Model | WageningenUR

Model Overview

Models are essential tools for hypothesis testing, data interpretation, and gaining insights into various biological processes. In order to demonstrate the complex behavior of our engineered strain of Pseudomonas fluorescens in the soil and its interactions with plants, we built three models. The agent-based models and the genetic circuit model using ordinary differential equations (ODE) were made to deeply explore the growth and metabolism of our engineered P. fluorescens at both population and cell levels. A machine learning model was developed to predict plant responses to weather changes to assure a more precise application of our product.

Why Agent-Based Models?

Predicting how genetically engineered P. fluorescens behaves in soil is complicated due to intricate microbial interactions and fluctuating environments. This is not an easy problem to solve for deterministic models, as the actions of a single bacteria/colony might lead to unknown collective behaviors. With several simple rules for bacteria to follow, agent-based models can explore complex biological systems on multiple levels [1], including entity behaviors, microbial interactions and environmental effects (Figure 1).
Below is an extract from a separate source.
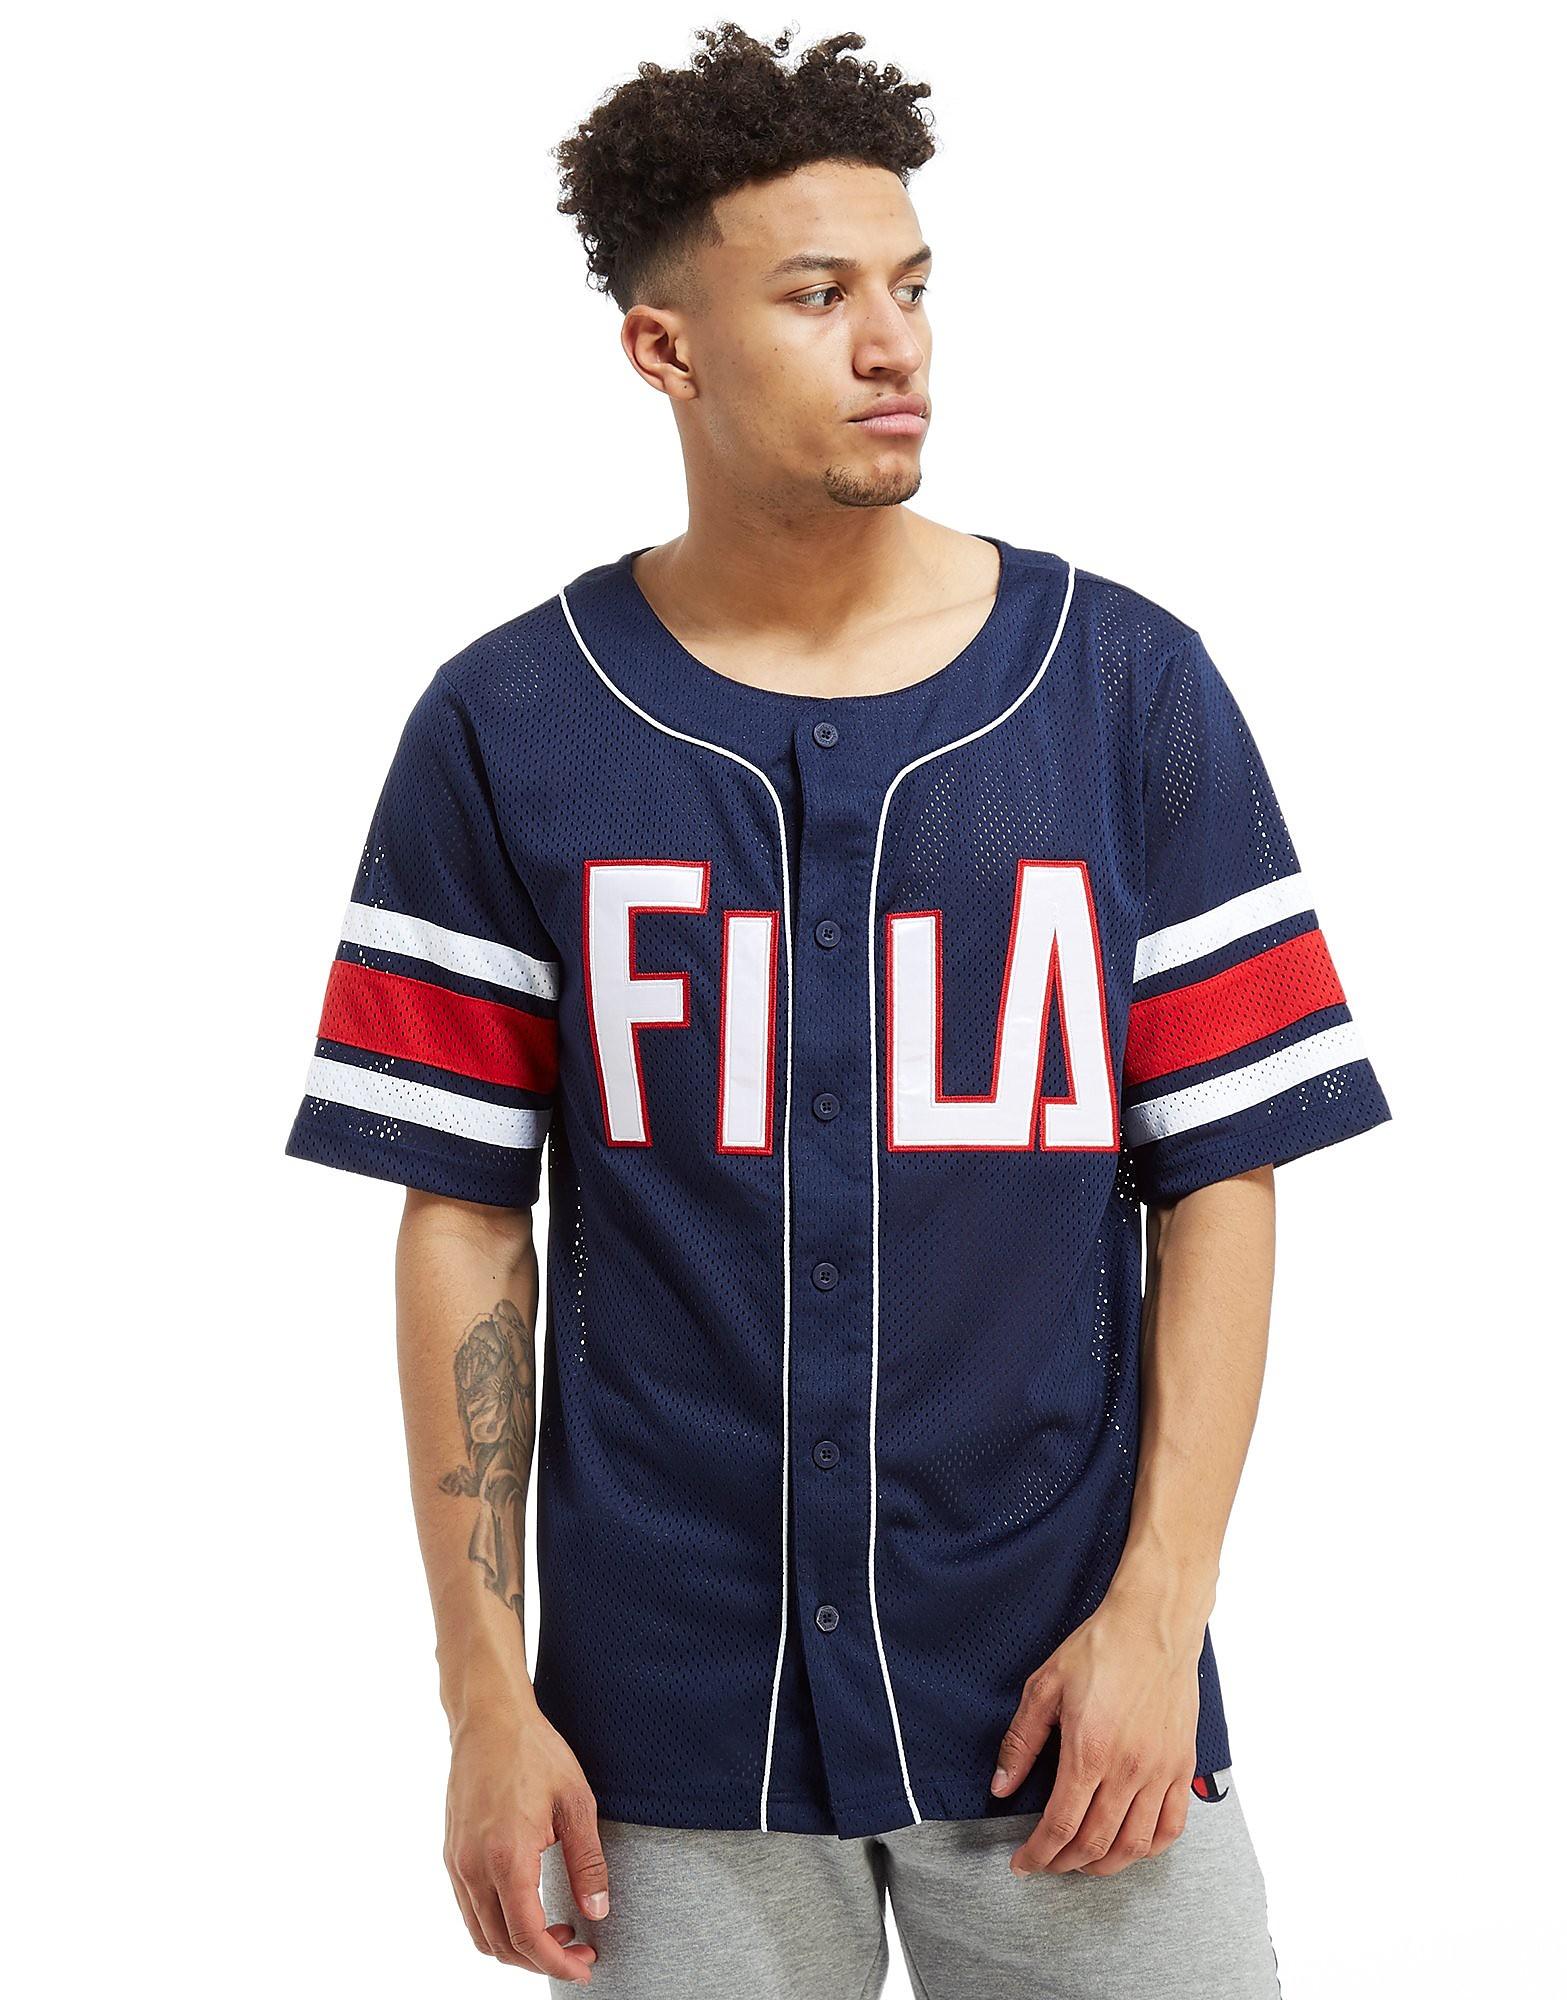 Fila Kyler Mesh Baseball Jersey

Figure 1. General scheme of agent-based modelling. Inputs from internal or external factors and stochastic choices made by agents eventually form the outputs of the model.

Aim of the Model

To predict more precisely the behaviors of our genetically engineered P. fluorescens in the soil, we have built two sub-models: a Microbial Community model to simulate how our bacteria move and colonise on the root; and a Cell Level model to explore how the protein secretion system would work in cells with genetic circuits. Addtionally, we intertwined two sub-models to explore cell-level effects on antiflorigen protein secretion across populations, in pursuit of the ideal product application. Eventually, we are trying to give suggestions for both experimental design and product development. Here, we are using NetLogo [2] as an agent-based modeling platform to build our model and conduct simulations; this also allows us to even track the spatial movements of the entities during the simulations.

What We Learned?

From our agent-based models, we got new insights into the behaviours of our bacteria in the soil. This helps us in both experiments and product development. Moreover, we also integrated the results of our agent-based models to the Applied Design, giving suggestions for the product design and precisely application methods. Furthermore, through the analysis of large amounts of data from the agent-based models, we successfully captured a series of real-life biological patterns. This proves that agent-based modelling frameworks can be potentially powerful tools for the complex biological systems.

Microbial Community Model

In the Microbial Community model, we explore the bacteria behaviours at population level in the soil. The agents in this sub-model are natural P. fluorescens and our modified P. fluorescens. Those agents will follow several simple rules (see below) to act in a 20 x 20 cm closed field in the soil. The output of this sub-model is colonisation efficiency of our modified P. fluorescens on roots (i.e., the percentage of population of our bacteria on the root).

Rules and kinetic models for Microbial Community model

Rules:

1. The soil contains a carbon source [3,4], which can be used by bacteria in the soil by the Monod equation.

2. The bacteria slowly move with water and are attracted by root exudates [5], where the root exudates have a horizontal concentration gradient from the root region to the proximate soil field [6].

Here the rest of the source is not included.